_TASK OBJECTIVE_
In the entries below, begin at the line that has "Multiple near field", stop after the line that has "How long does Hydrangea live ?", and output those lines exactly with no pictures.

_LISTED RECORDS_
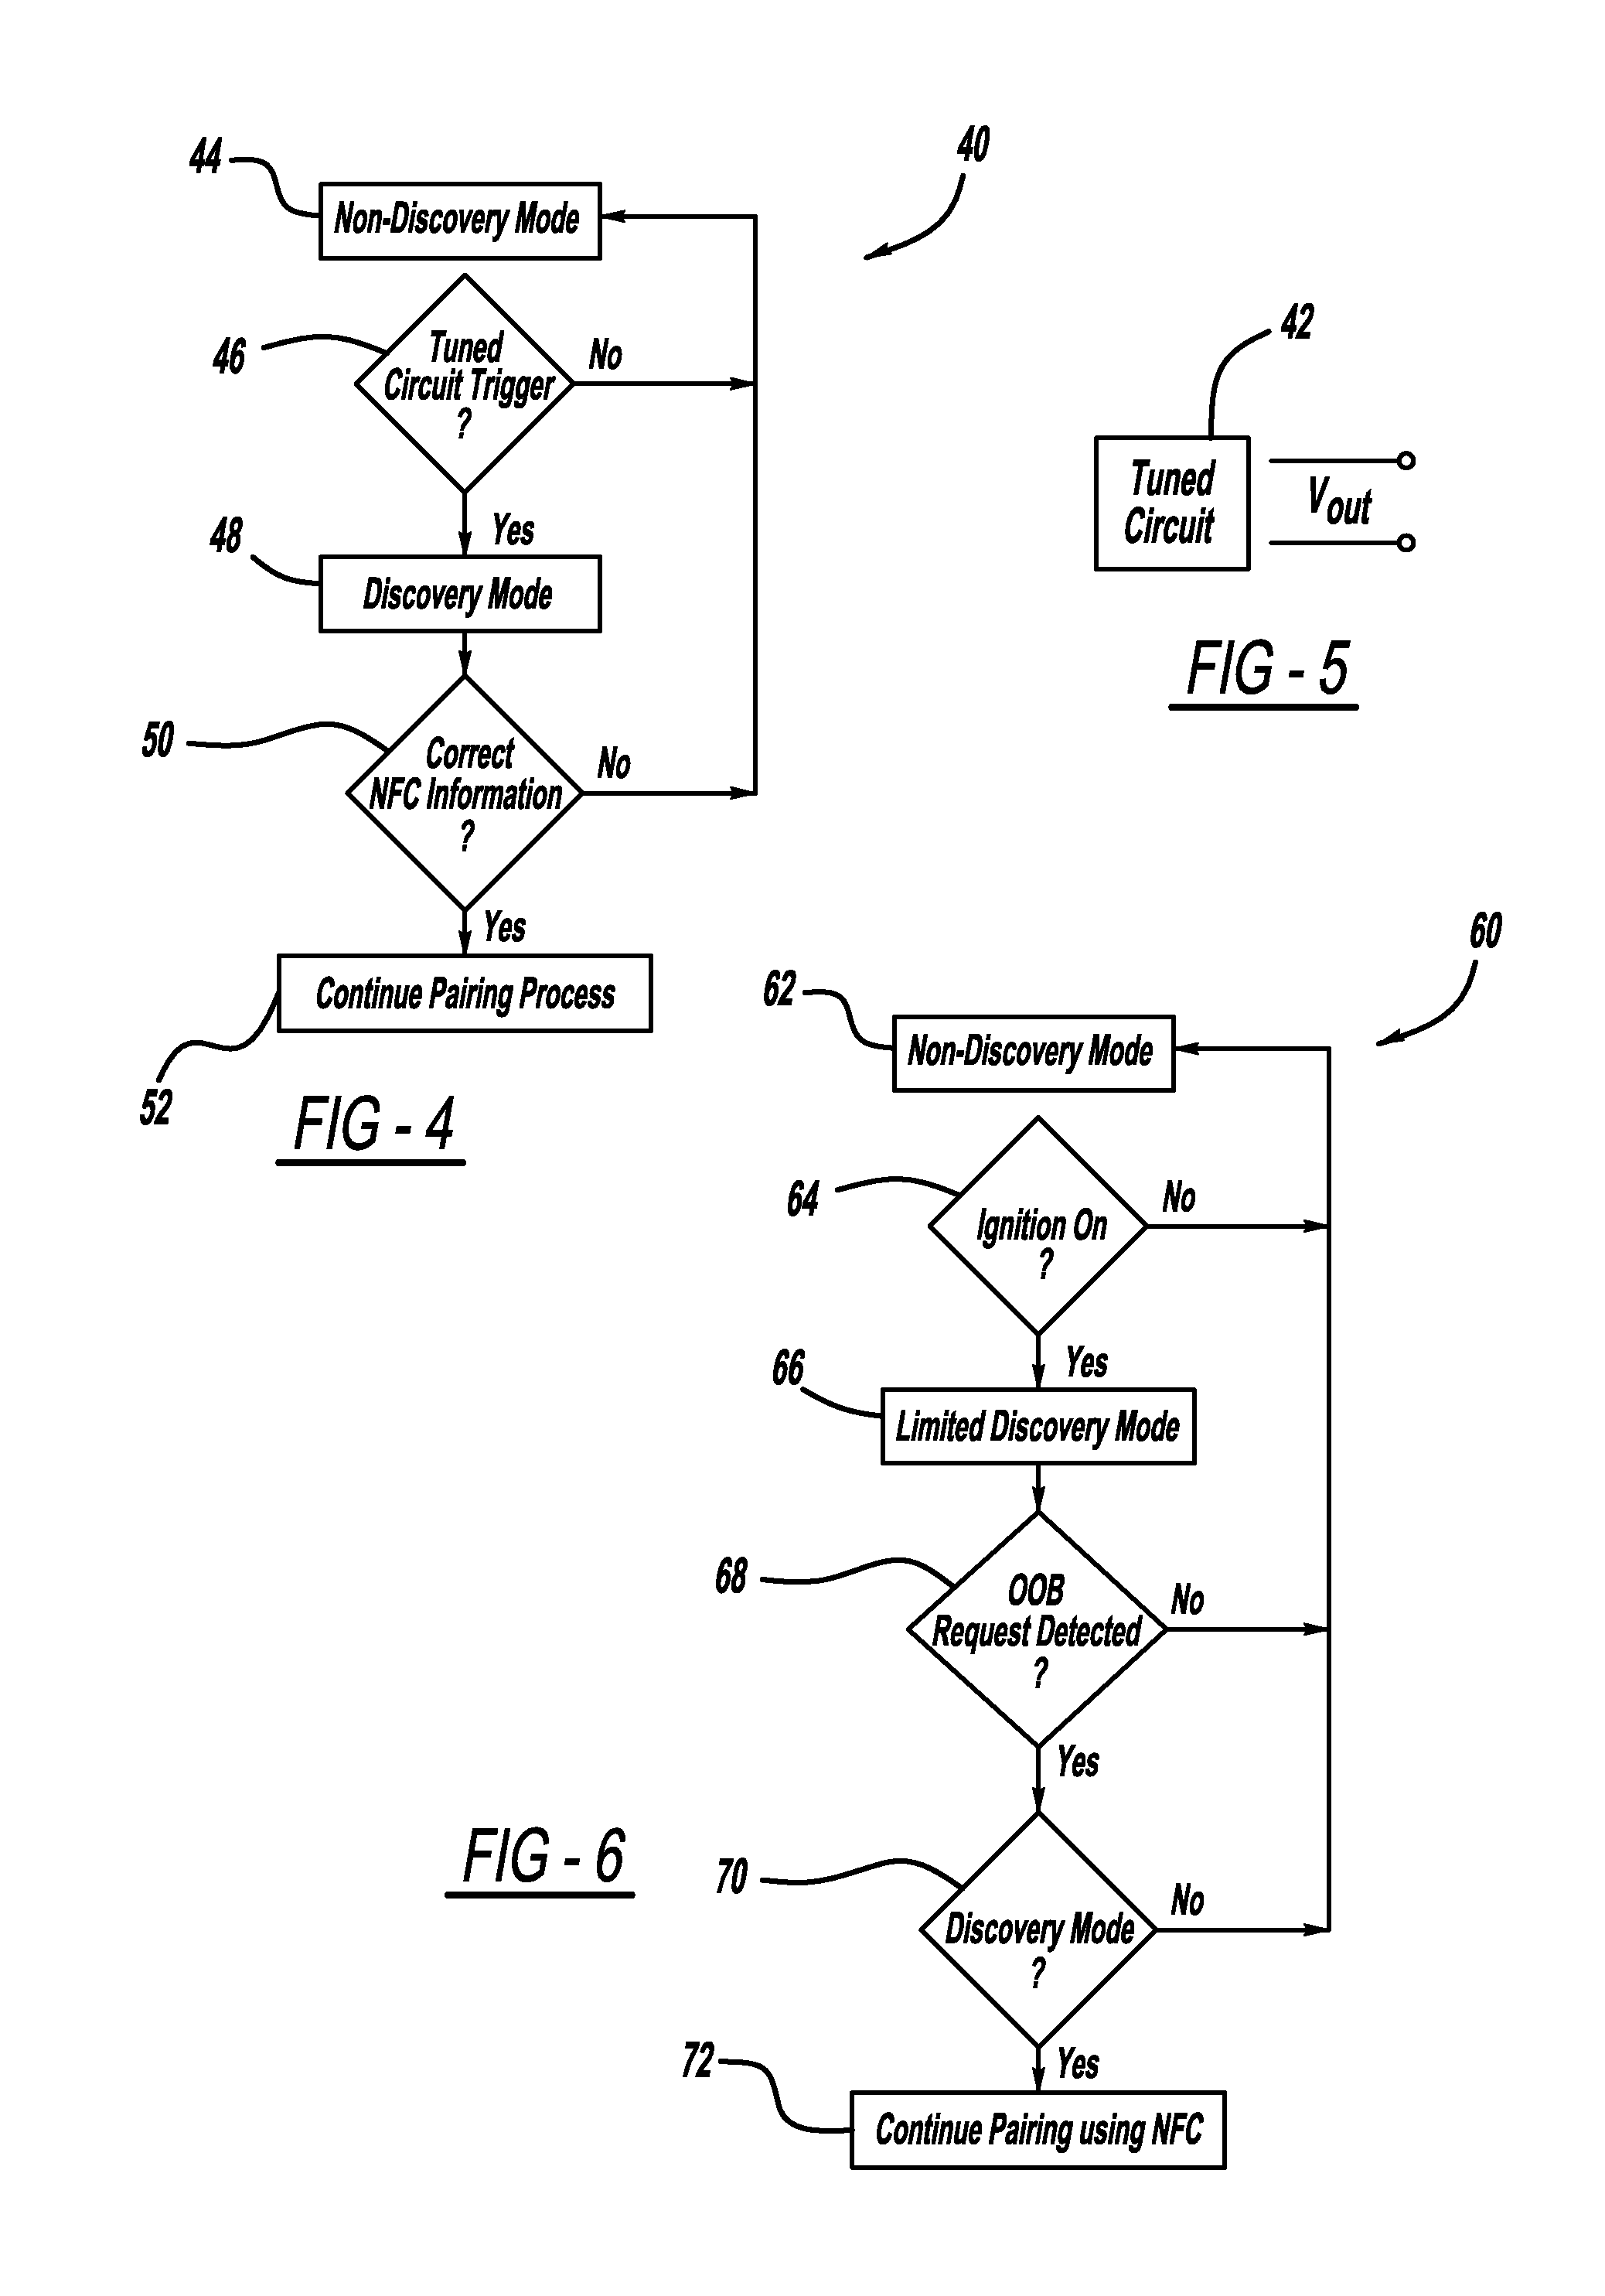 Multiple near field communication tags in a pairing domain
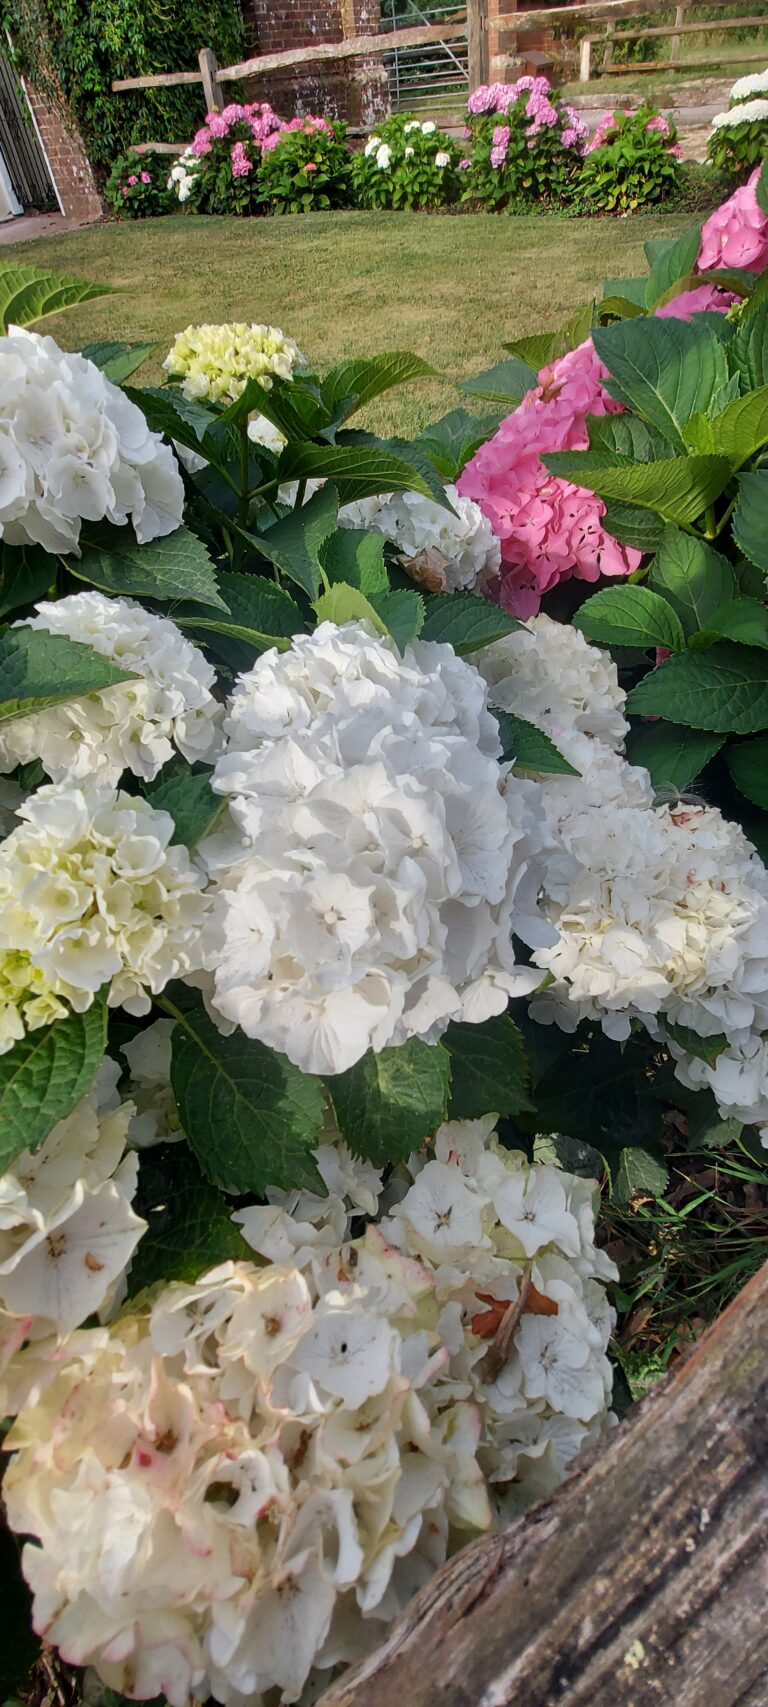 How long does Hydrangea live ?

* * *

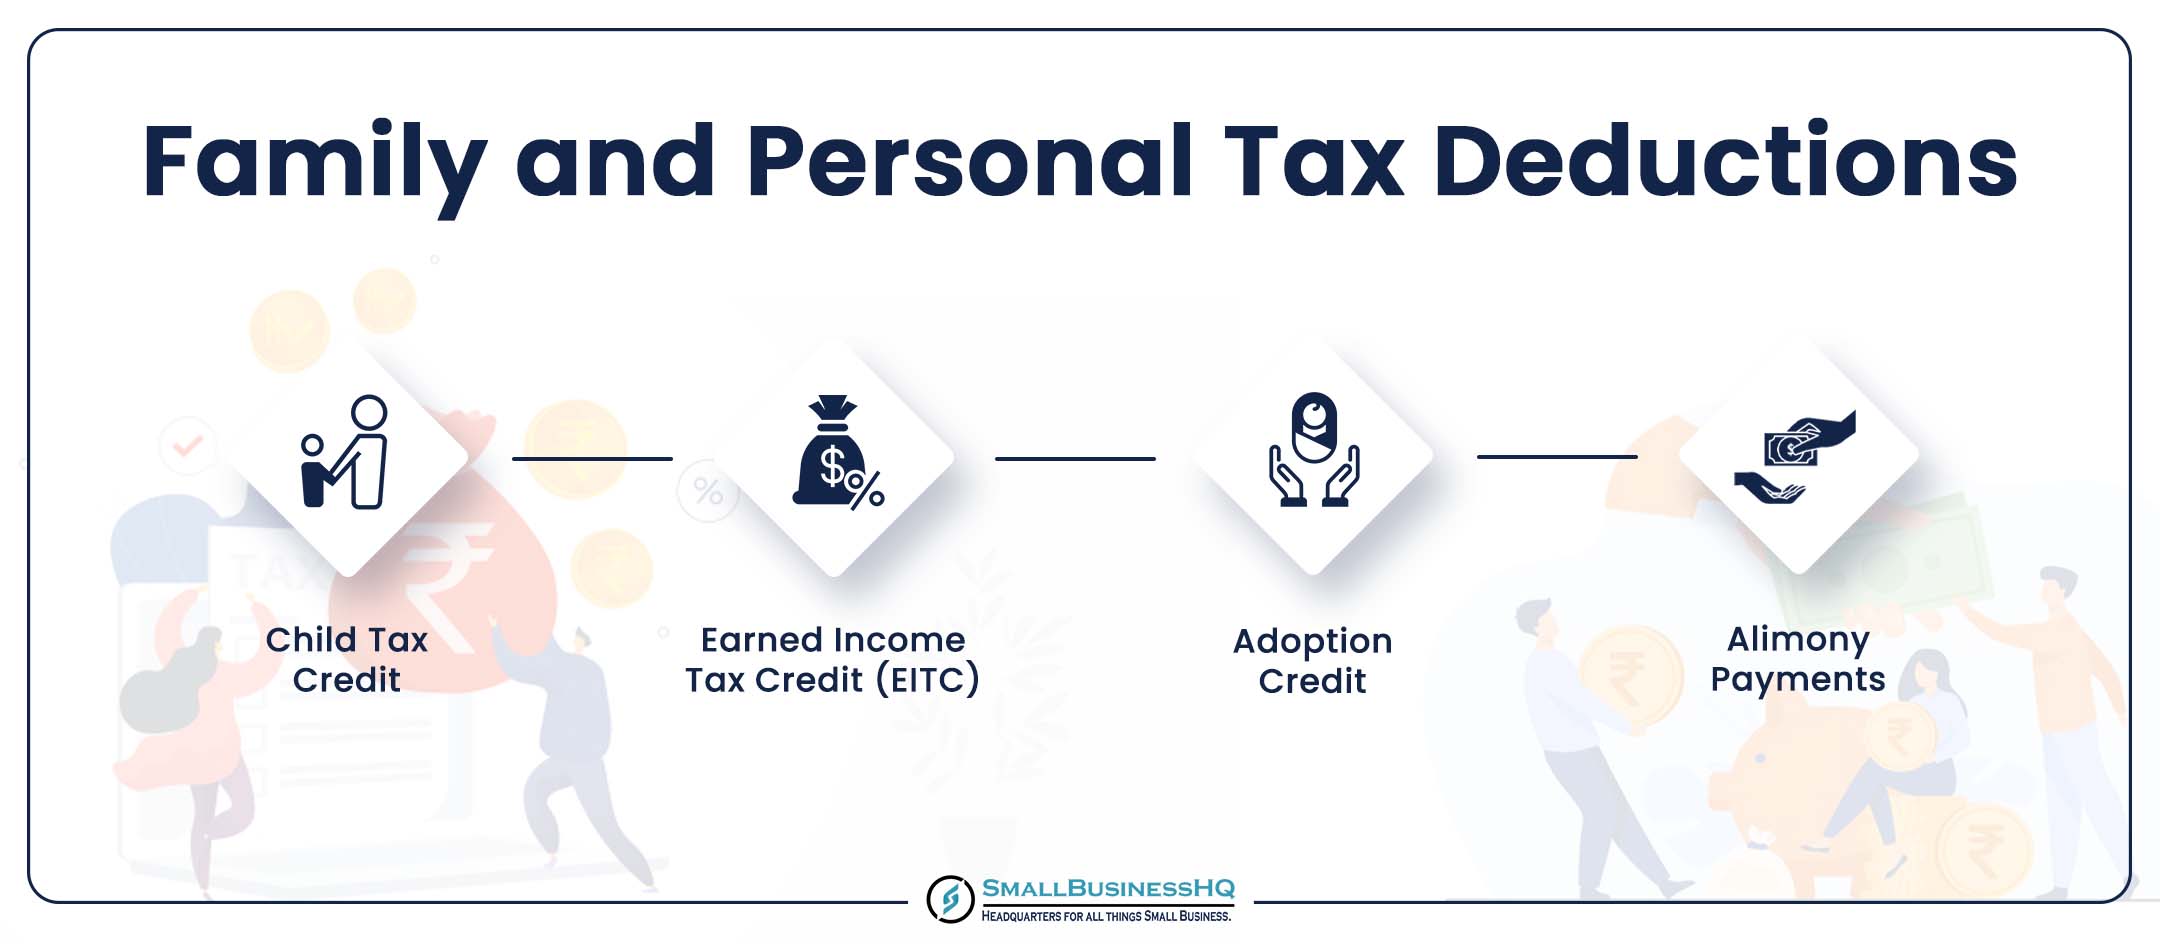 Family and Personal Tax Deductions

_RESPONSE_
 Multiple near field communication tags in a pairing domain
 How long does Hydrangea live ?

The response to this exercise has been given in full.